Jr. Middleweight: While it wasn’t quite a consensus 1-2 fight going in, Jermell Charlo-Jeison Rosario represented the culmination of an unofficial process of elimination. With respect to WBO titlist Patrick Texieria, he still doesn’t have the sort of wins against the best in class Charlo or Rosario did going into their clash. Charlo’s memorable, nuclear body shot gave him three alphabet straps and the right to call himself history’s champion. A new lineage starts with him.
Welterweight: The big guns are still in the holster for a few more weeks but Yordenis Ugas picked up the primary WBA sub-title in September and Jamal James won the interim strap in August. It was a good string for WBA fees collection.
Lightweight: We have a new lightweight king. Dominating the first half with better speed, activity, a long jab, and some hammering body shots, Teofimo Lopez set the table for a career making win over Vasyl Lomachenko. The WBC’s silly ‘franchise’ tag is the same thing as the WBA ‘super’ label, then the franchise champ is their real champ and Lopez has all the hardware that matters. When one goes to the WBC website, the champion at the top of the page is Devin Haney. If belts matter, there is a way to work that out. Lopez is the champ that counts at 135 regardless.
Featherweight: Emanuel Navarrete won a belt in his second weight class, scoring two knockdowns of undefeated Ruben Villa to claim the WBO diadem.

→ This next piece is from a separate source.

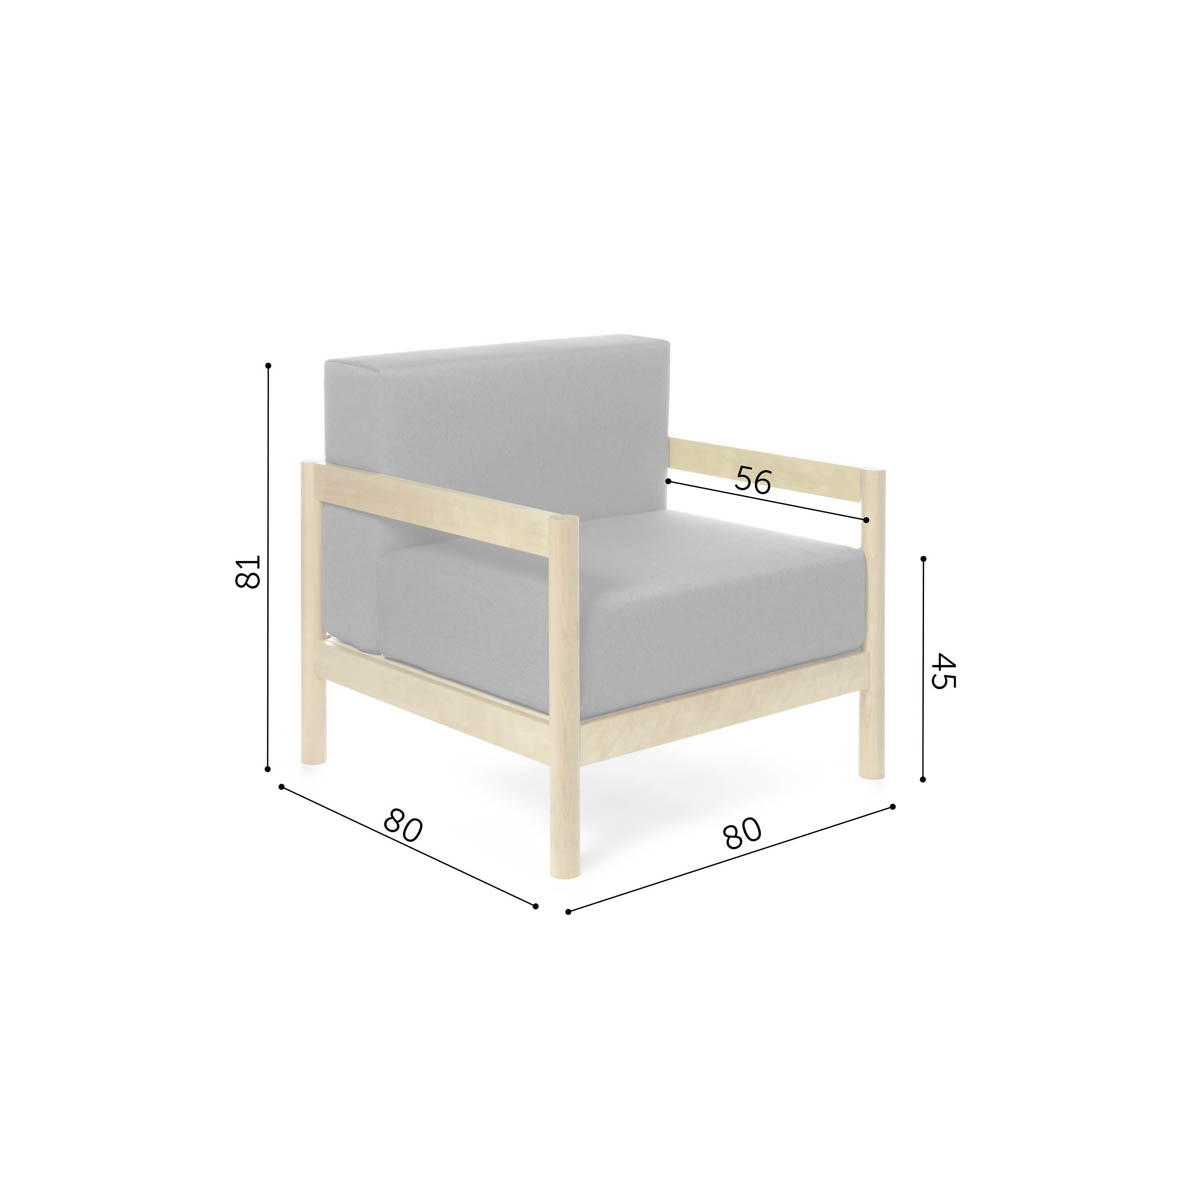 1-seater rahu sofa dimensions

Jr. Featherweight: There’s been plenty of movement at 122 coming out of the COVID lockdowns. Angelo Leo impressed in winning the WBO belt Emanuel Navarrete left vacant while Luis Nery picked up a belt in his second weight class, winning the WBC strap on the big Charlo card. Both have business on the horizon. Leo will have to see Stephen Fulton, a late scratch due to the virus, while Nery will have to see Rey Vargas who was declared in recess of his reign due to injury.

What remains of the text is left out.